## TASK GOAL
Copy the lines below exactly, starting at the one with "disc casio celviano" and ending at the one with "Saint Laurent N", and leave out any picture.

## MATERIAL SUPPLIED
= = = =

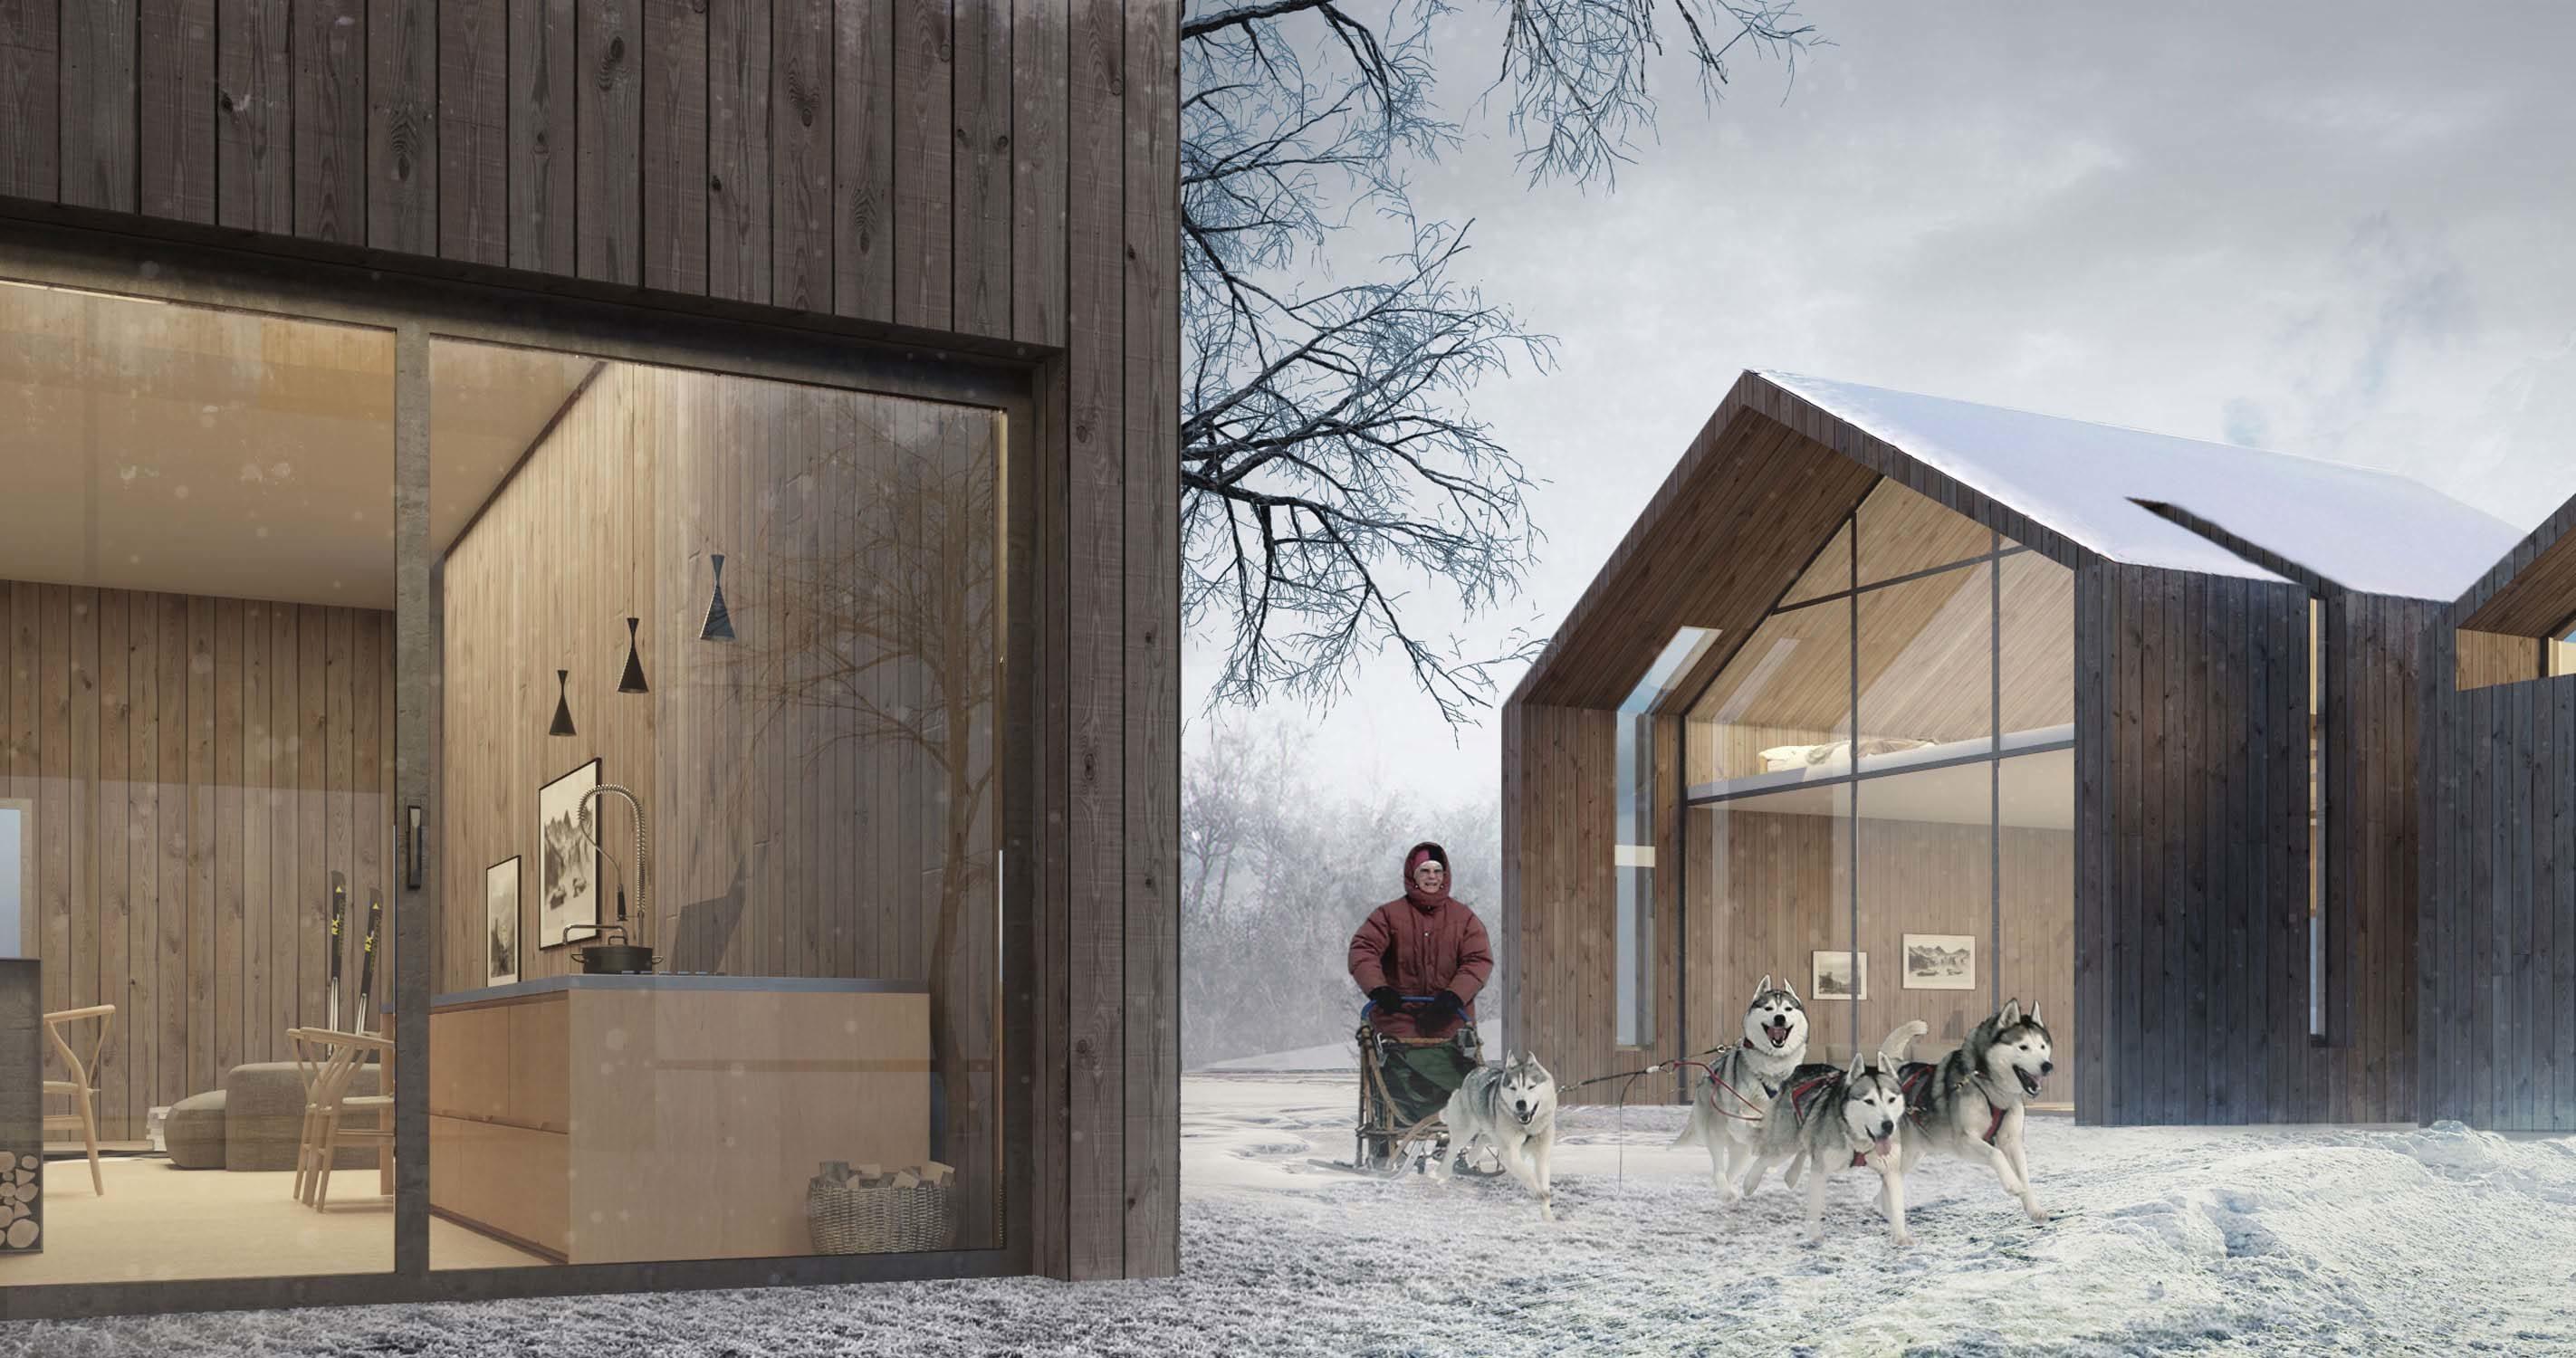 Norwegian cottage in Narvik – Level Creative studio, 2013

= = = =

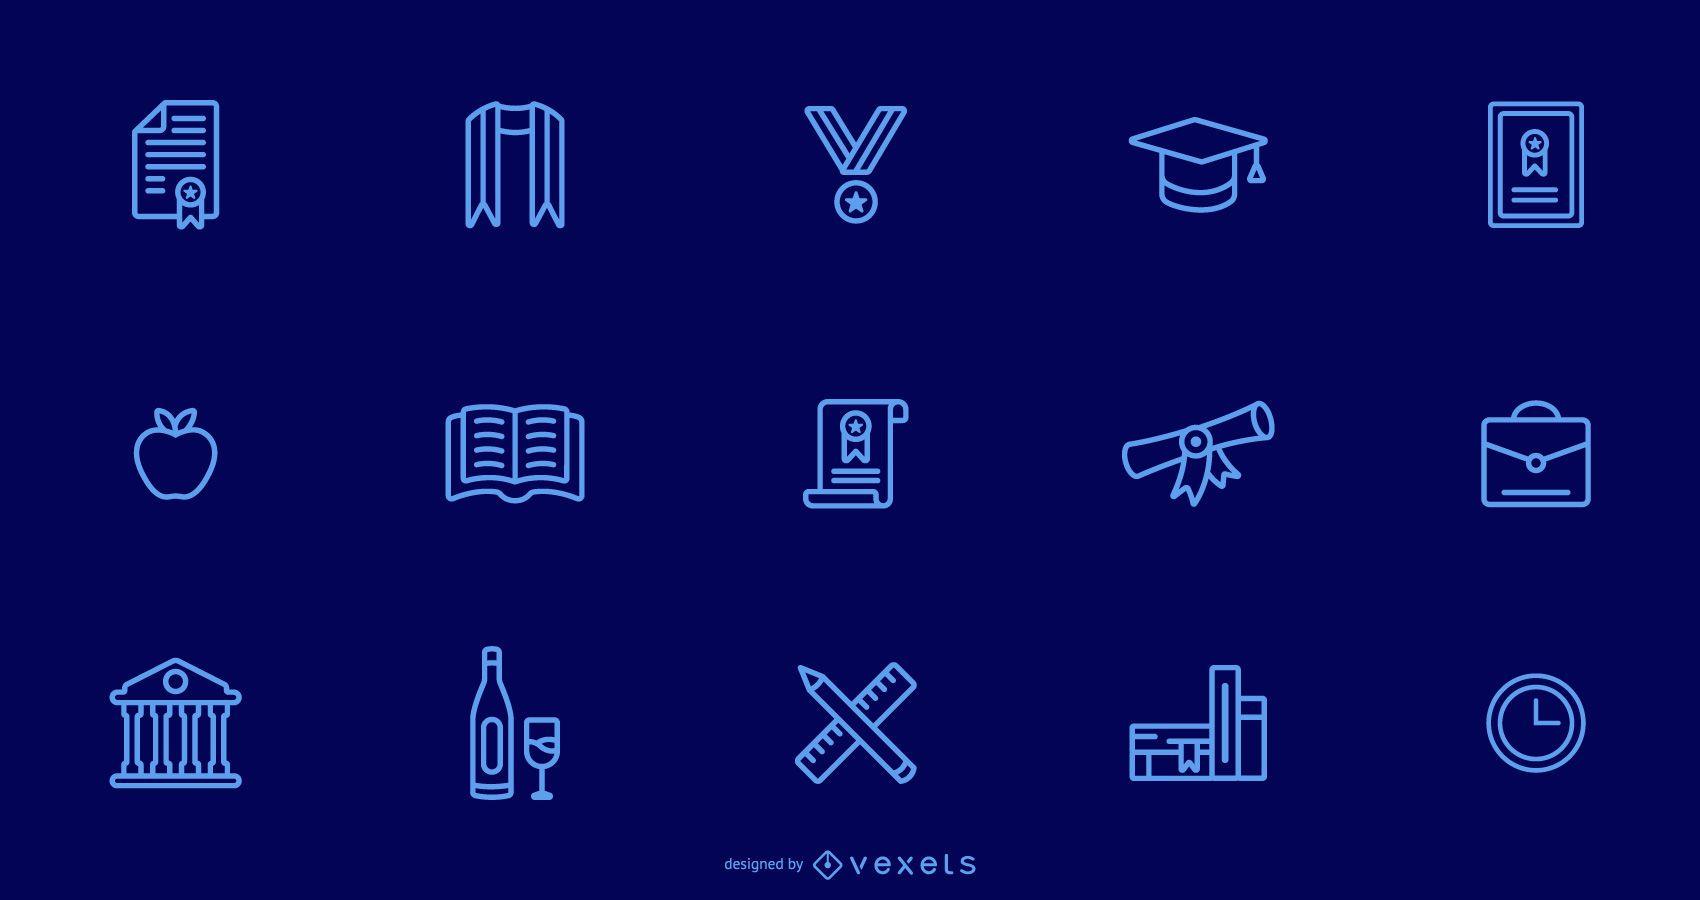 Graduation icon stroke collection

= = = =

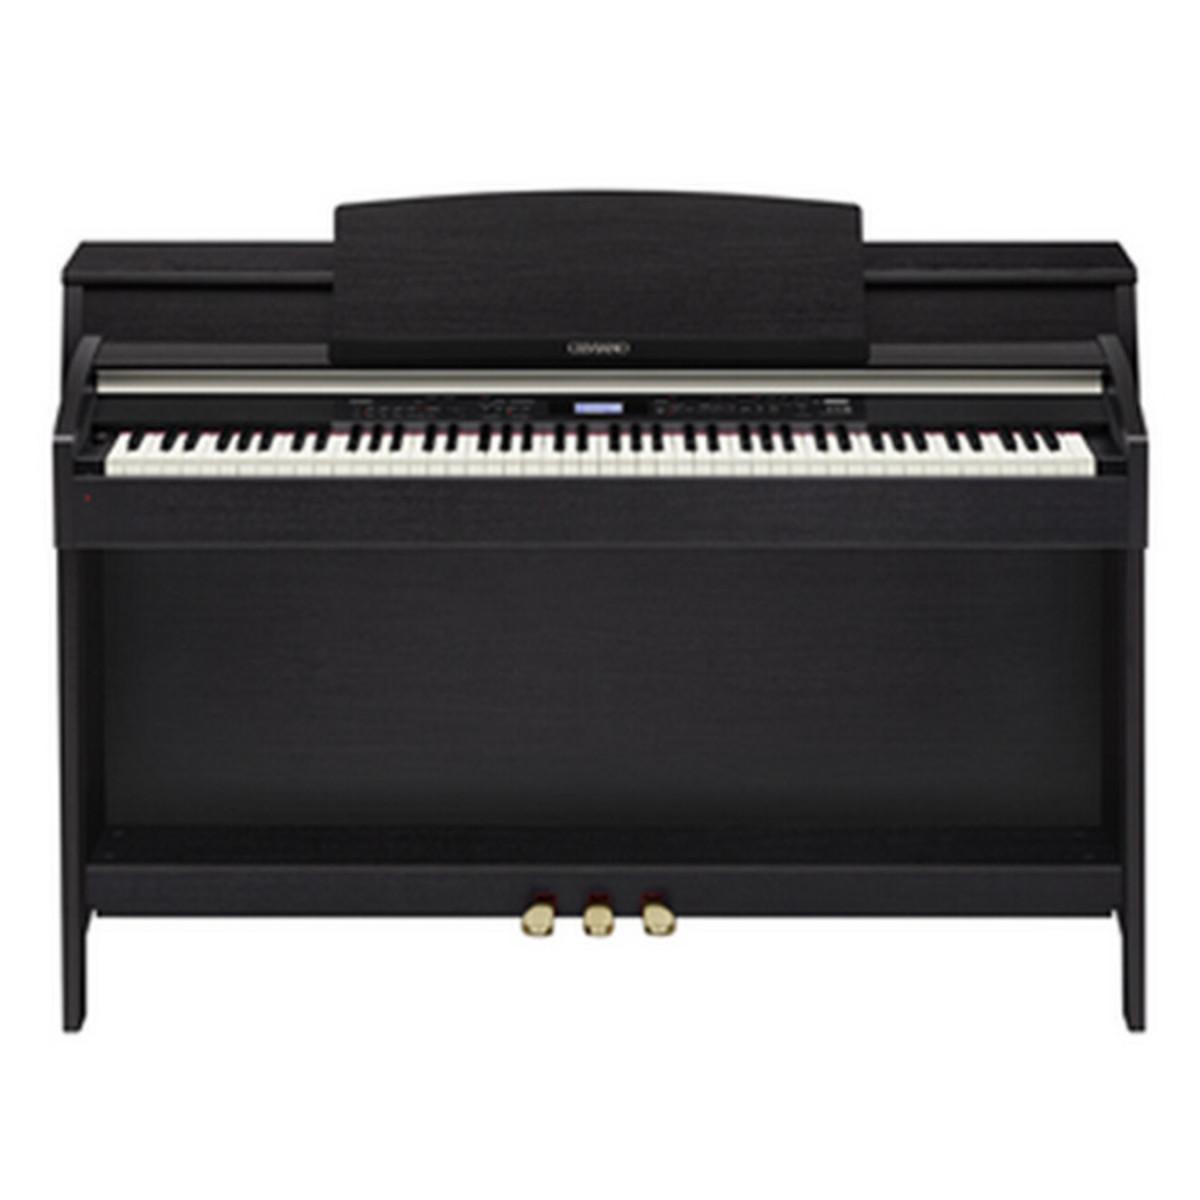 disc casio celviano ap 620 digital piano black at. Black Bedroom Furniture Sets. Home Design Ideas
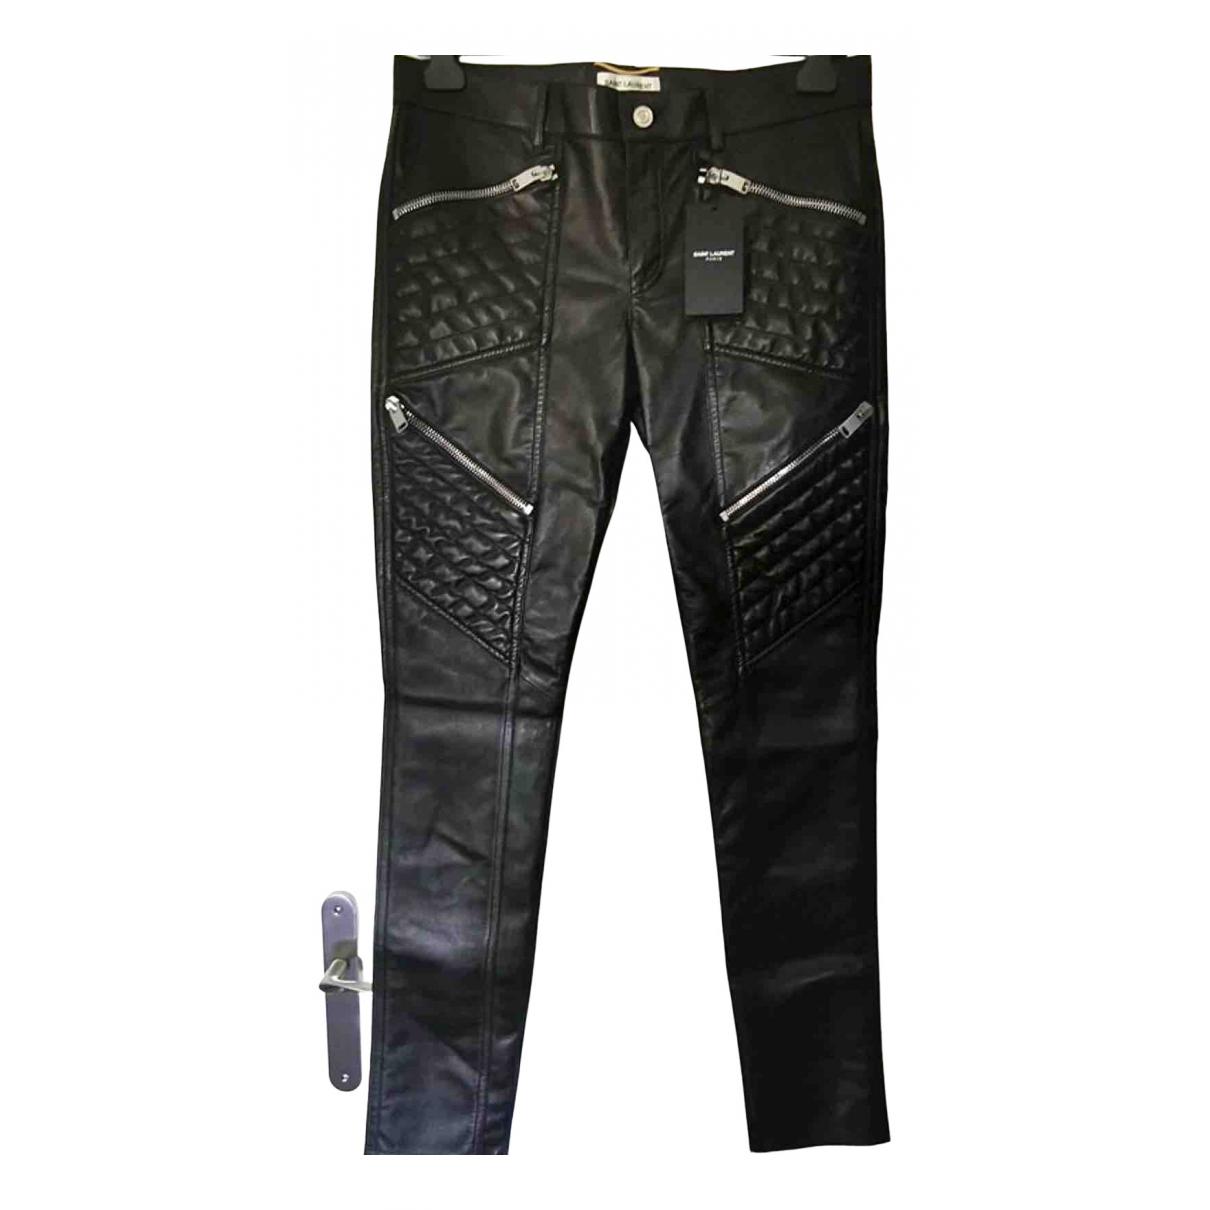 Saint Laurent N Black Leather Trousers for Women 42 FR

= = = =

## EXERCISE ANSWER
 disc casio celviano ap 620 digital piano black at. Black Bedroom Furniture Sets. Home Design Ideas
 Saint Laurent N Black Leather Trousers for Women 42 FR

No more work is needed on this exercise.